Make a table with columns for each of the variables and a column for the number on the other side of each equation :

\left (  \begin{matrix}   37 & 5 & 11 & 2 & -5 \\   6 & 0 & 0 & 1 & 250 \\   240 & 11 & 12 & 0 & 4 \\   56 & 10 & 0 & 1 & 5 \\   0 & 0 & 2 & 30 & 15  \end{matrix}  \;  \right |  \left.  \begin{matrix}   35 \\   11 \\   -5 \\   2 \\   1  \end{matrix}  \right )

This is how you want it to look (the stars can be anything) :

\left (  \begin{matrix}   1 & * & * & * & * \\   0 & 1 & * & * & * \\   0 & 0 & 1 & * & * \\   0 & 0 & 0 & 1 & * \\   0 & 0 & 0 & 0 & 1  \end{matrix}  \;  \right |  \left.  \begin{matrix}   \mbox{*} \\   \mbox{*} \\   \mbox{*} \\   \mbox{*} \\   \mbox{*}  \end{matrix}  \right )
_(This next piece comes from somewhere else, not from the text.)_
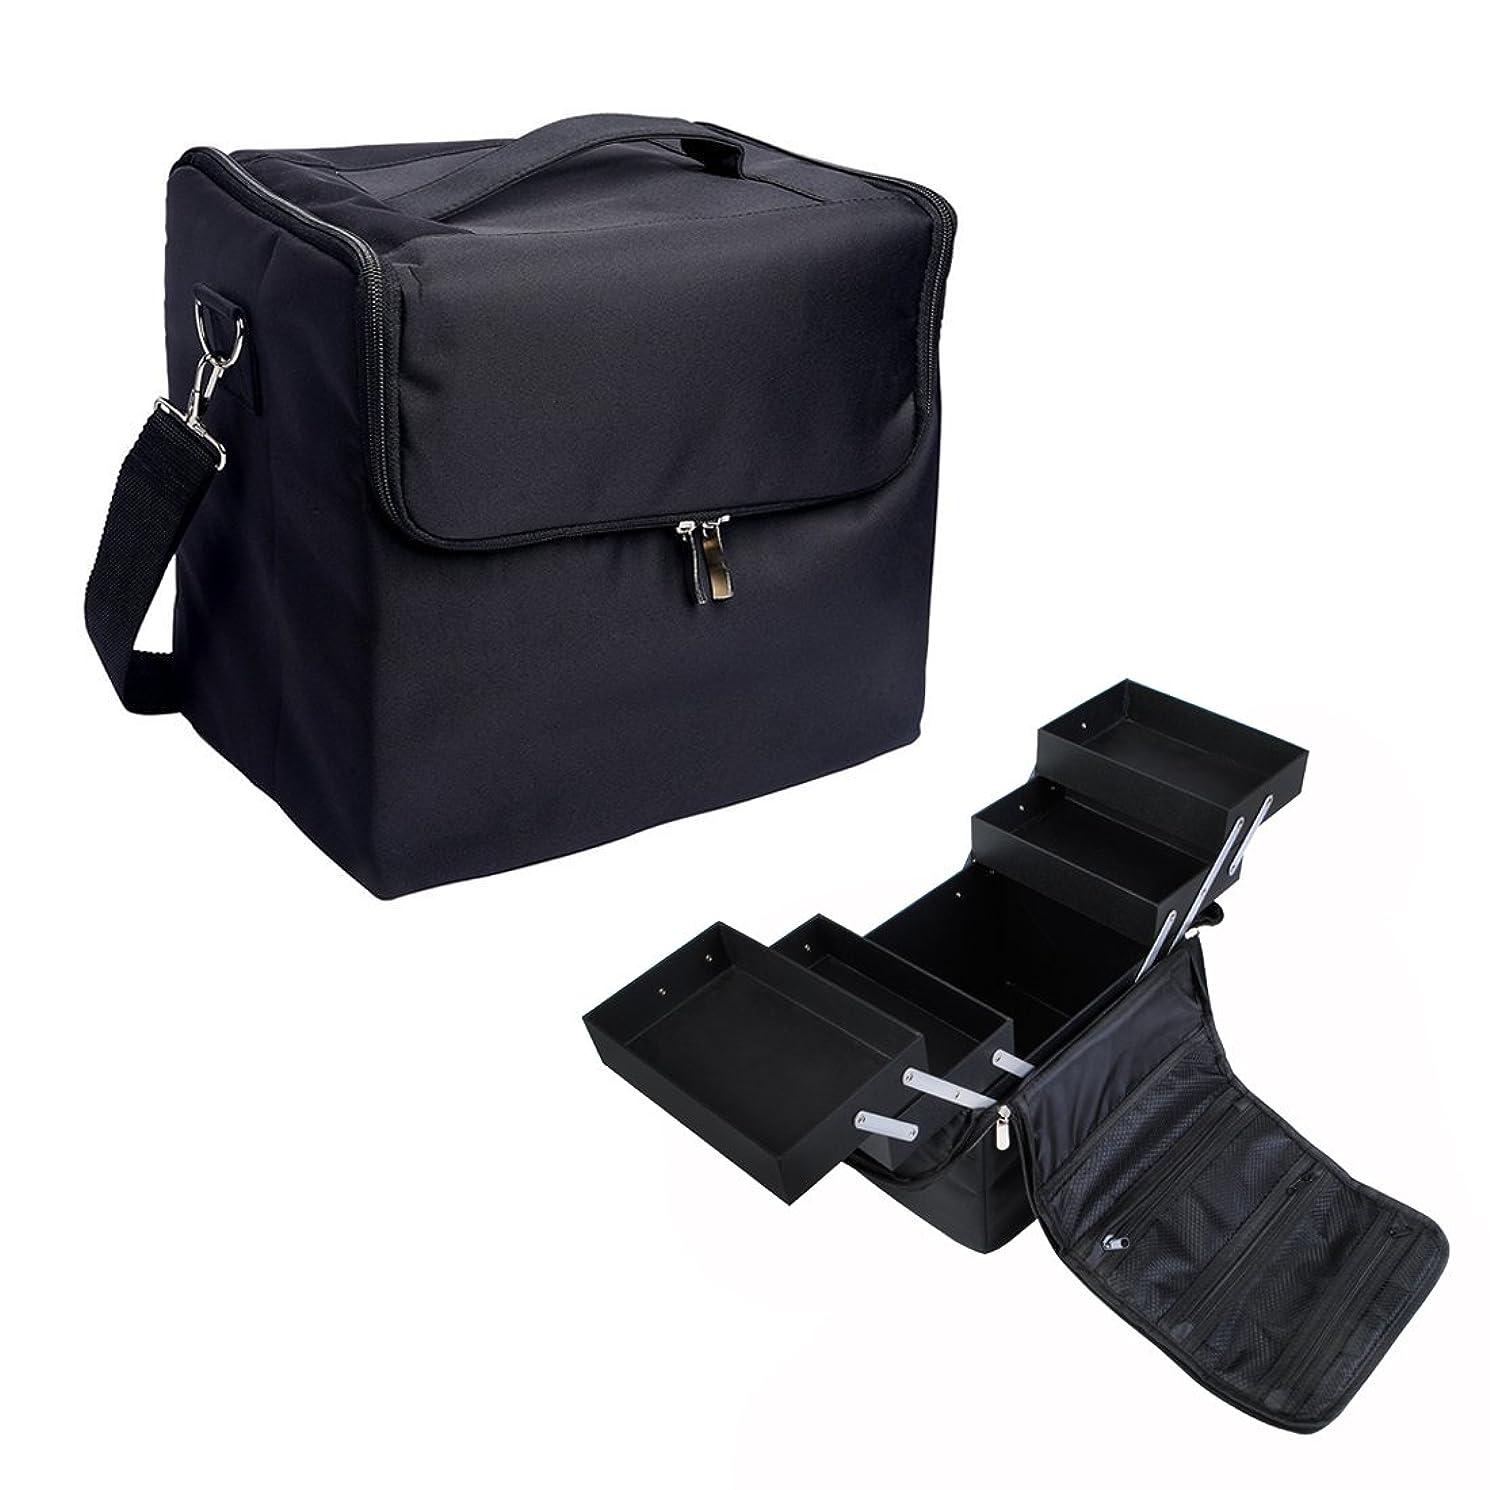 乗ってこれまで定期的に[プロ仕様]Hapilife メイクボックス トレイ付き プロ用 化粧品収納 ブラック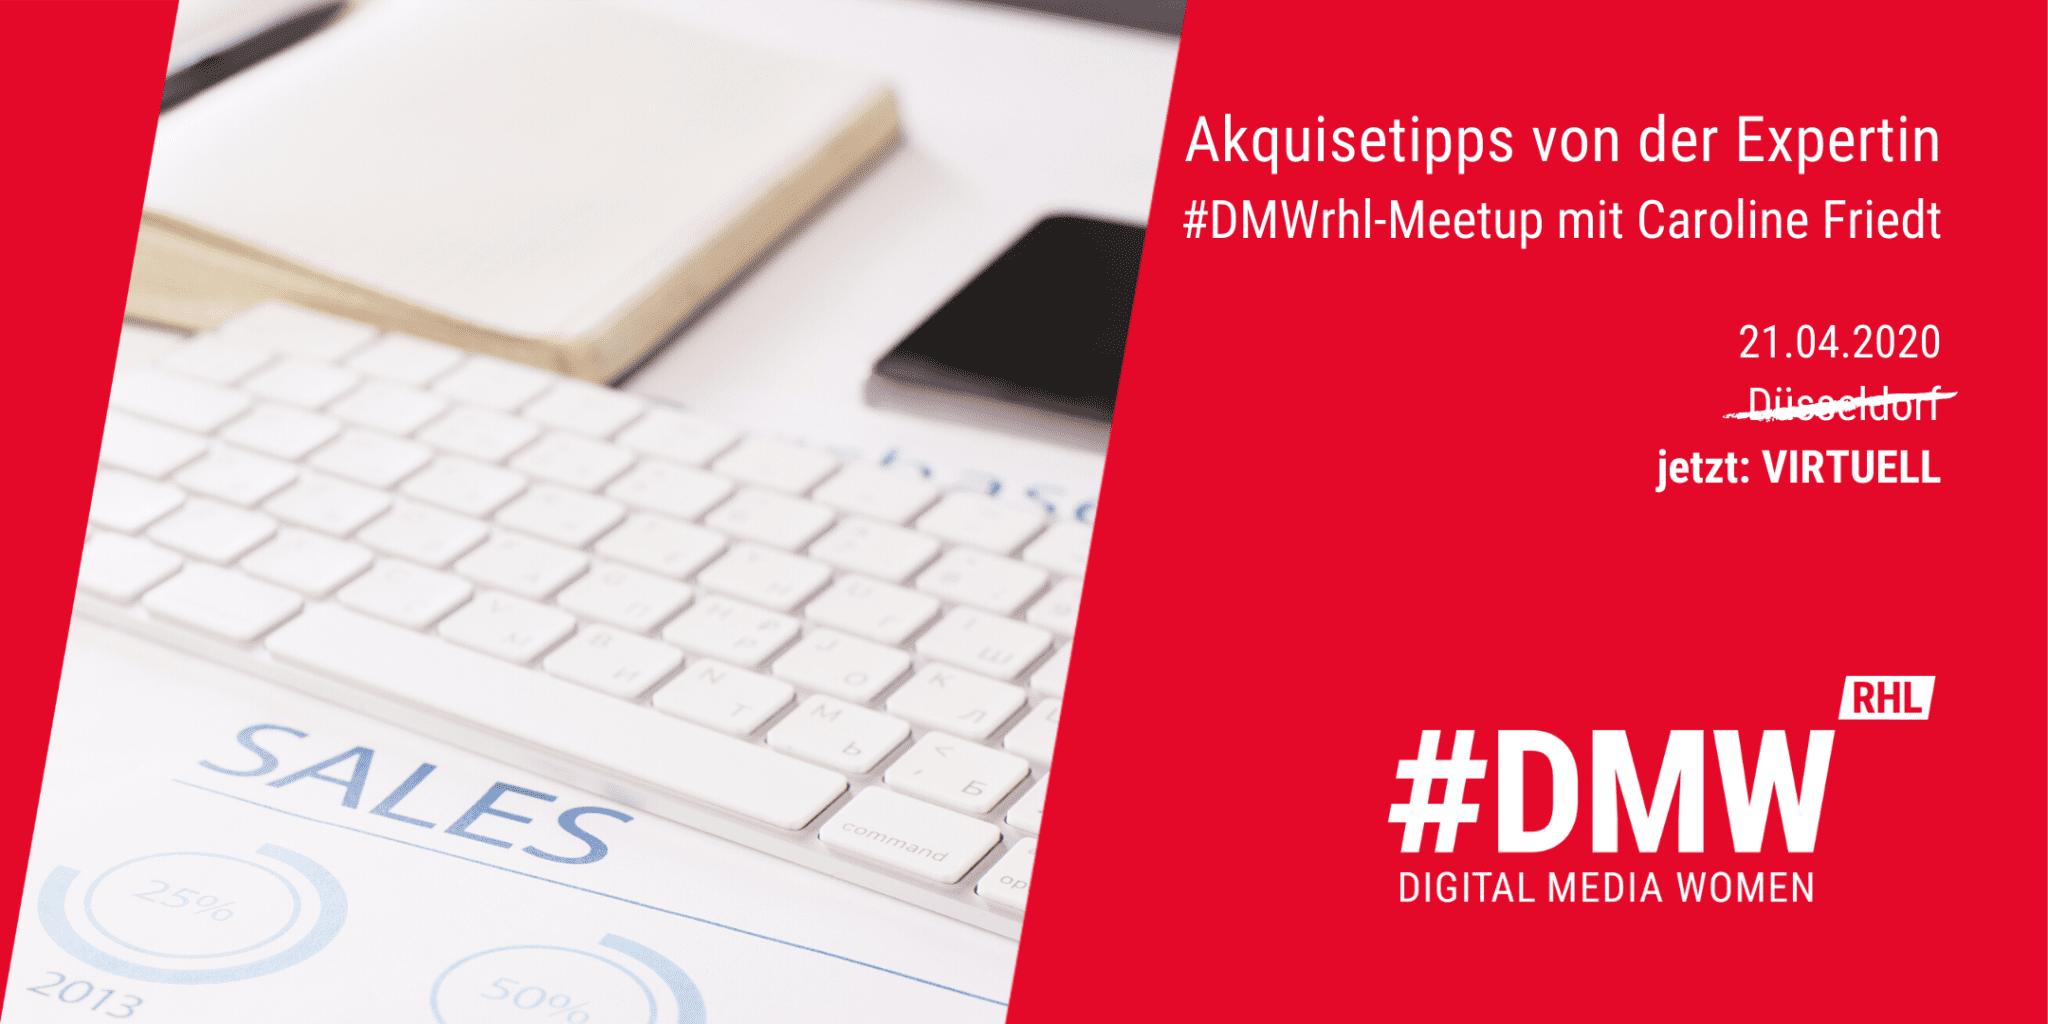 Online Meetup mit den #DMW Rheinland und Caroline Friedt zum Thema Akquise in der Krise

The important part is that each row starts with a one and it starts a little later than the rows before, even if it looks something like this :

\left (  \begin{matrix}   1 & * & * & * & * \\   0 & 0 & 0 & 1 & * \\   0 & 0 & 0 & 0 & 0 \\   0 & 0 & 0 & 0 & 0 \\   0 & 0 & 0 & 0 & 0  \end{matrix}  \;  \right |  \left.  \begin{matrix}   \mbox{*} \\   \mbox{*} \\   0 \\   0 \\   0  \end{matrix}  \right )

Even though the each new row doesn't start exactly one square behind the last one, they all still start with one and start later and later.

You can now use three rules to change this around :

  1. Change the order of the rows however you want.
  2. Multiply everything on a row by any number except zero.
  3. Add or subtract a row from another.